To establish the reality of such relations of kindred between nations separated from each other and differing in acquired physical and moral characters, has

often been the design of laborious and manifold investigations. It has been the end or the object for the sake of which these investigations have been undertaken, and is their result or fruit. Hence it is obviously improper, in describing the population of different portions of the earth, to set out with a distribution of mankind into races and tribes, as most writers on the history of mankind have done. Such an arrangement prematurely attempted is an anticipation of results which are only attainable, of admissions which can only be granted as legitimate, after careful investigation. For this reason I have thought it better to proceed in the analytical method, and to begin with the survey of the phenomena from which inductions were to be collected. I have examined the ethnography of various countries in a local order, and it has been only where a whole region appears to have been occupied by one race that I have deviated apparently, though not really, from this method of arrangement. In particular, the different branches of the Indo-European family of nations are not all brought together under one head, but described successively in the order of the countries which they inhabit. While the analytical arrangement, so termed, was thus the only one which circumstances allowed, it has disadvantages of an obvious nature, and is liable to distract the attention of the reader, and obscure to his view and render less forcible the evidence that may be brought to bear upon general conclusions. On this account it has appeared to me advisable to prefix an introductory chapter, in which I have attempted to survey in a synthetical order a great variety of particular subjects; and at the termination of this part of my work, where a synthetical statement has its most natural place, I shall resume the same point of view, and shall draw up a brief recapitulation of the results.

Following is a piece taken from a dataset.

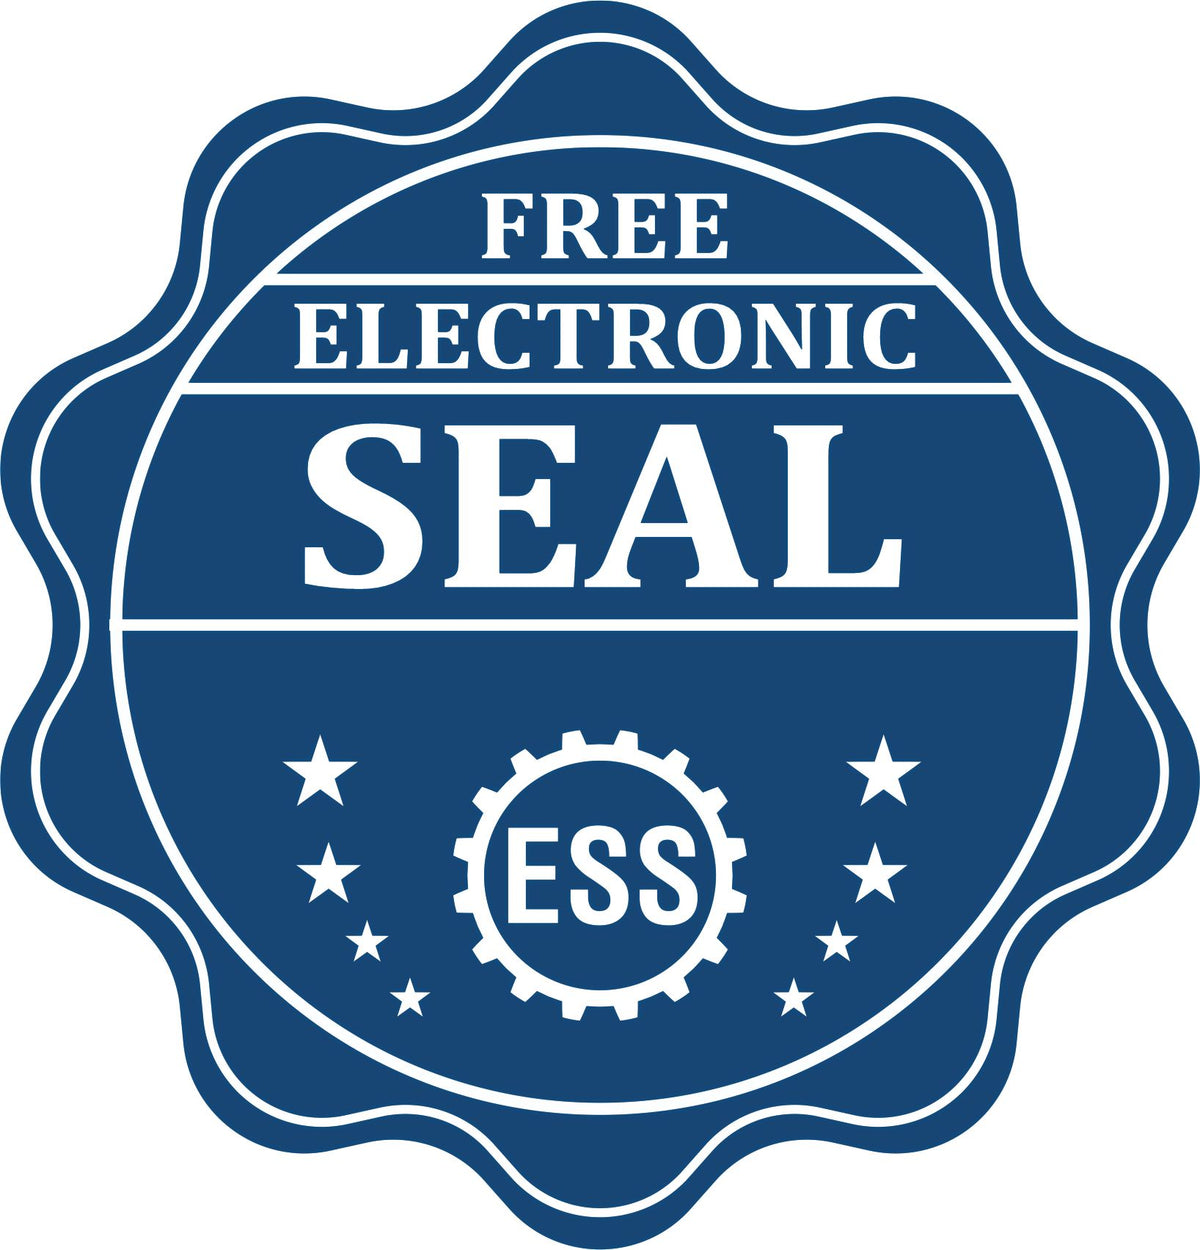 A badge showing a free electronic seal for the Premium MaxLight Pre-Inked Wyoming Landscape Architectural Stamp with stars and the ESS gear on the emblem.
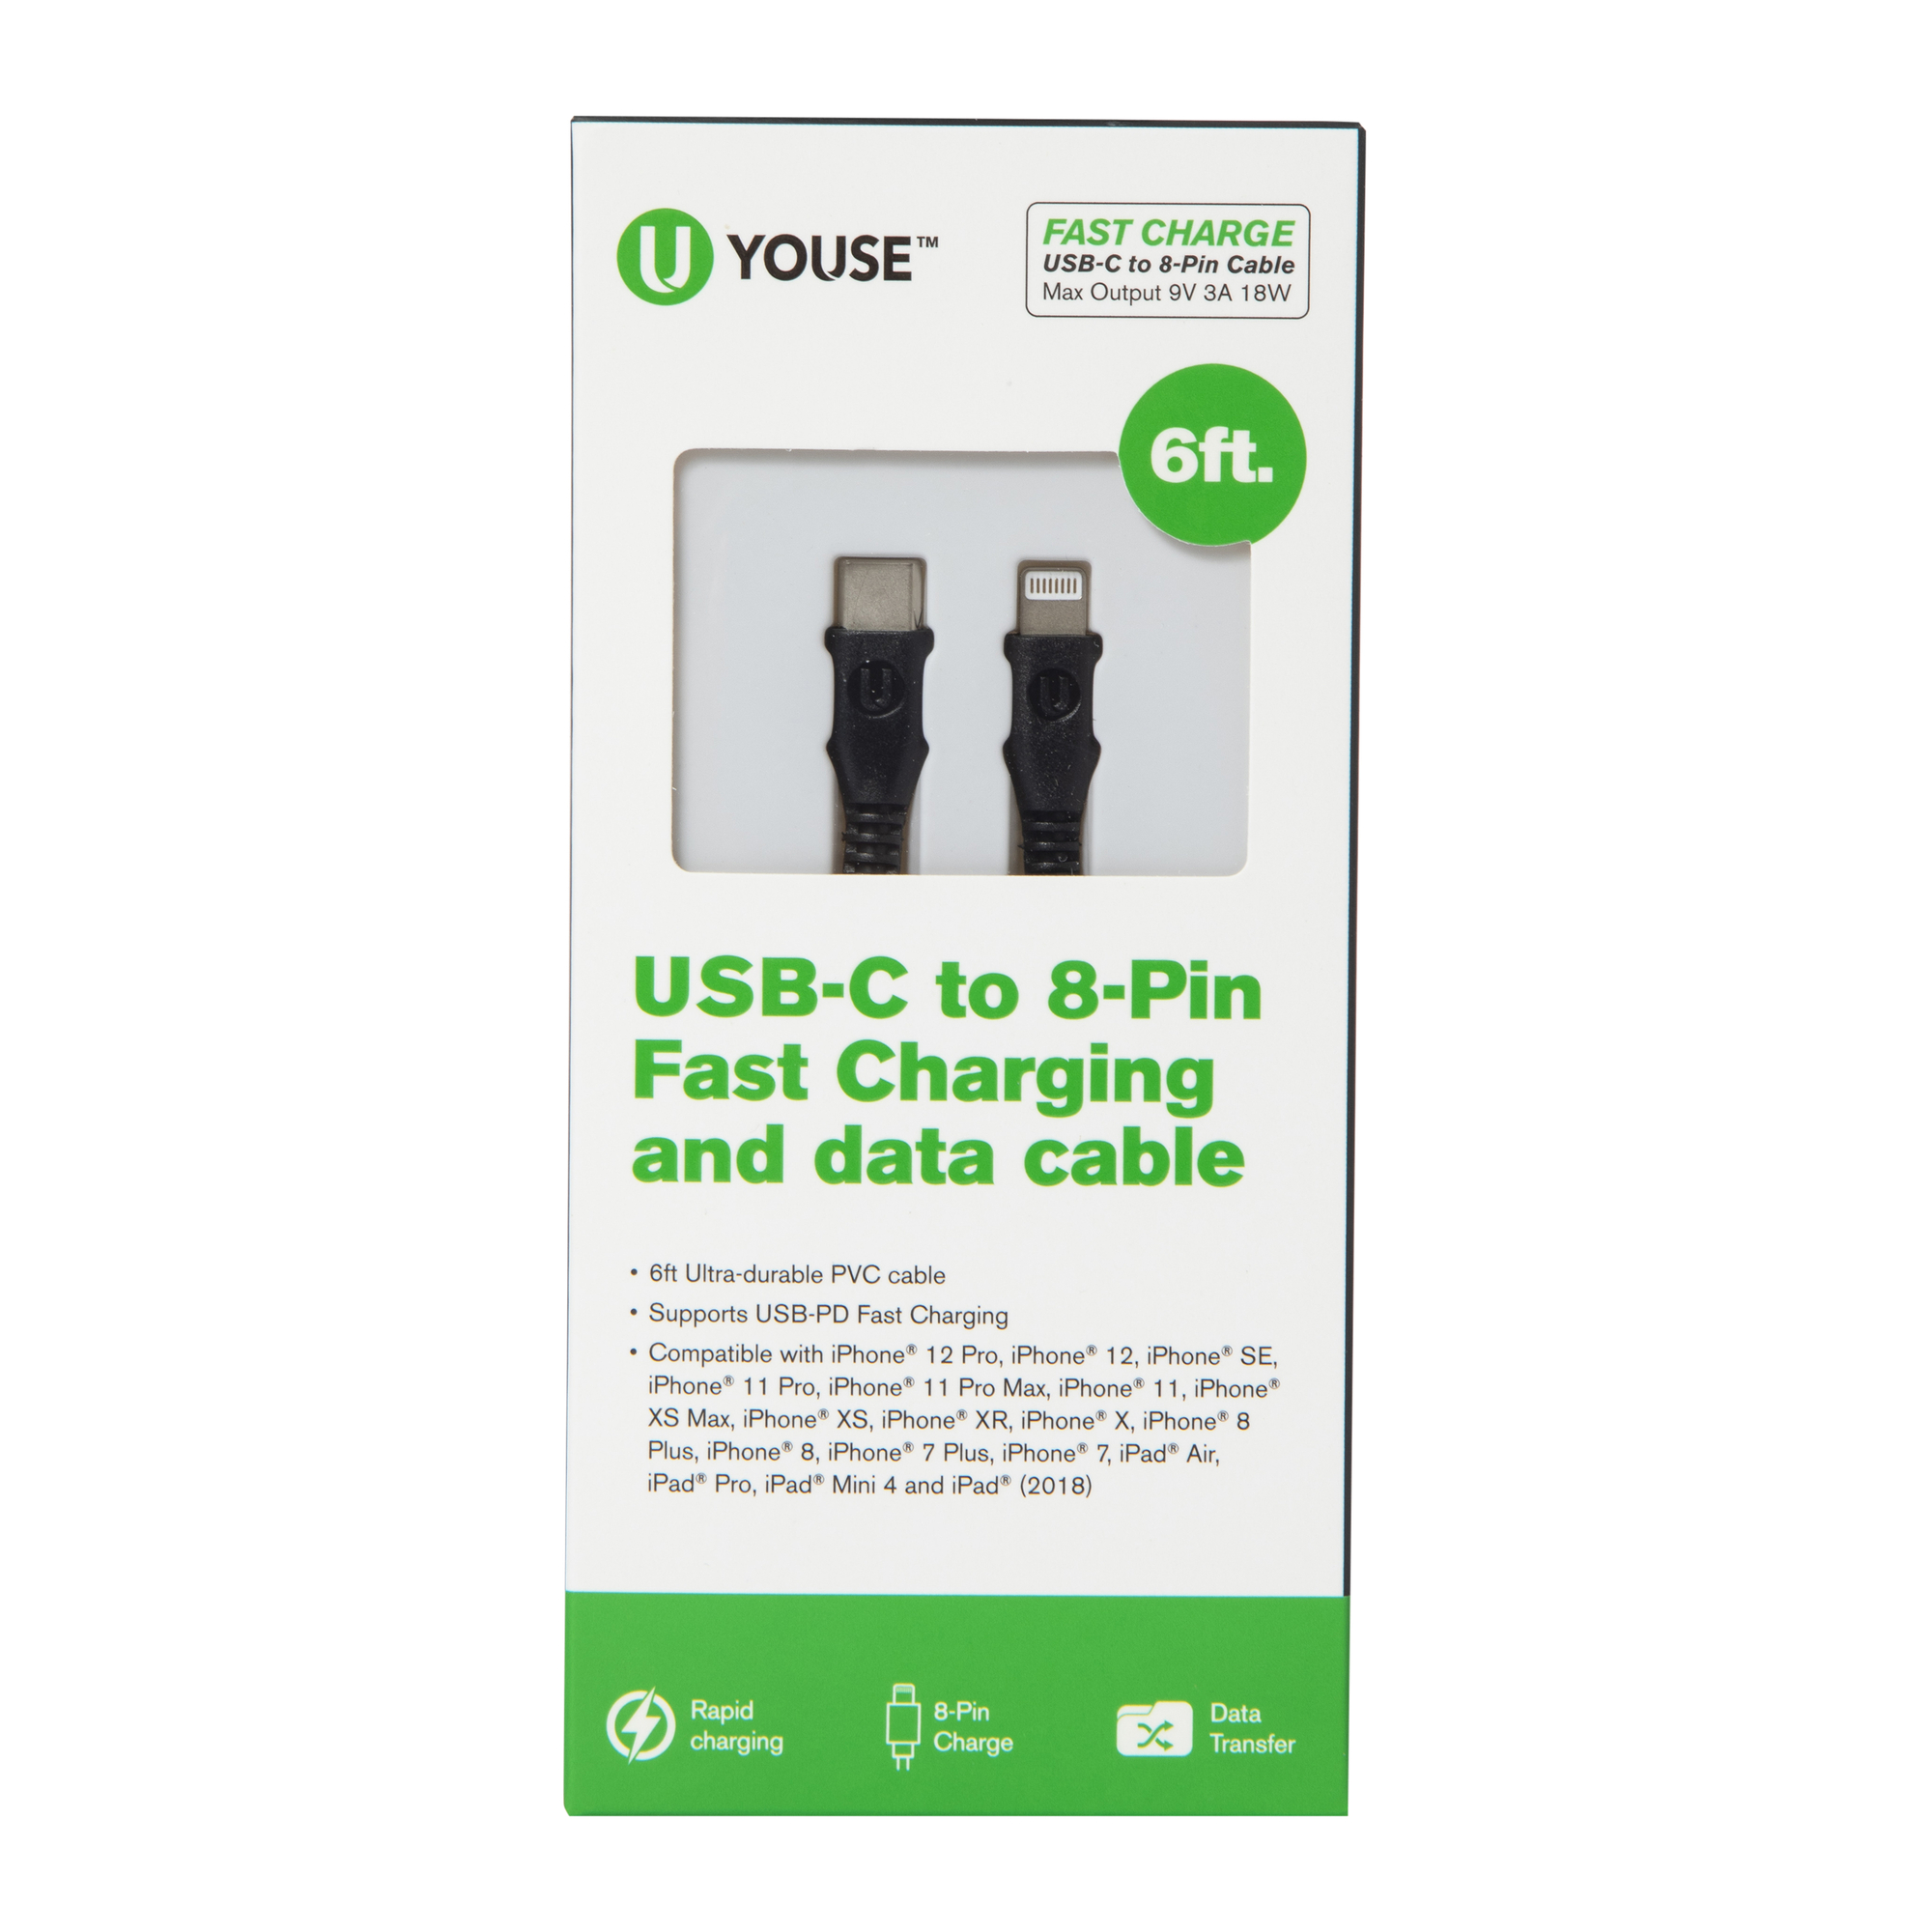 6ft USB Type-C to 8-pin cable

. I cannot let pass this opportunity of expressing my obligations to Captain Washington, R.N., and the other officers and members of the Royal Geographical Society, for the great assistance in very many instances afforded me, by giving me access to sources of information otherwise hardly attainable. I am under a similar obligation to the learned and truly liberal Marquis of Bute, who has most kindly lent me from his magnificent library many works on the history of the northern nations, which could not be heard of either at the Bodleian or in the library of the British Museum.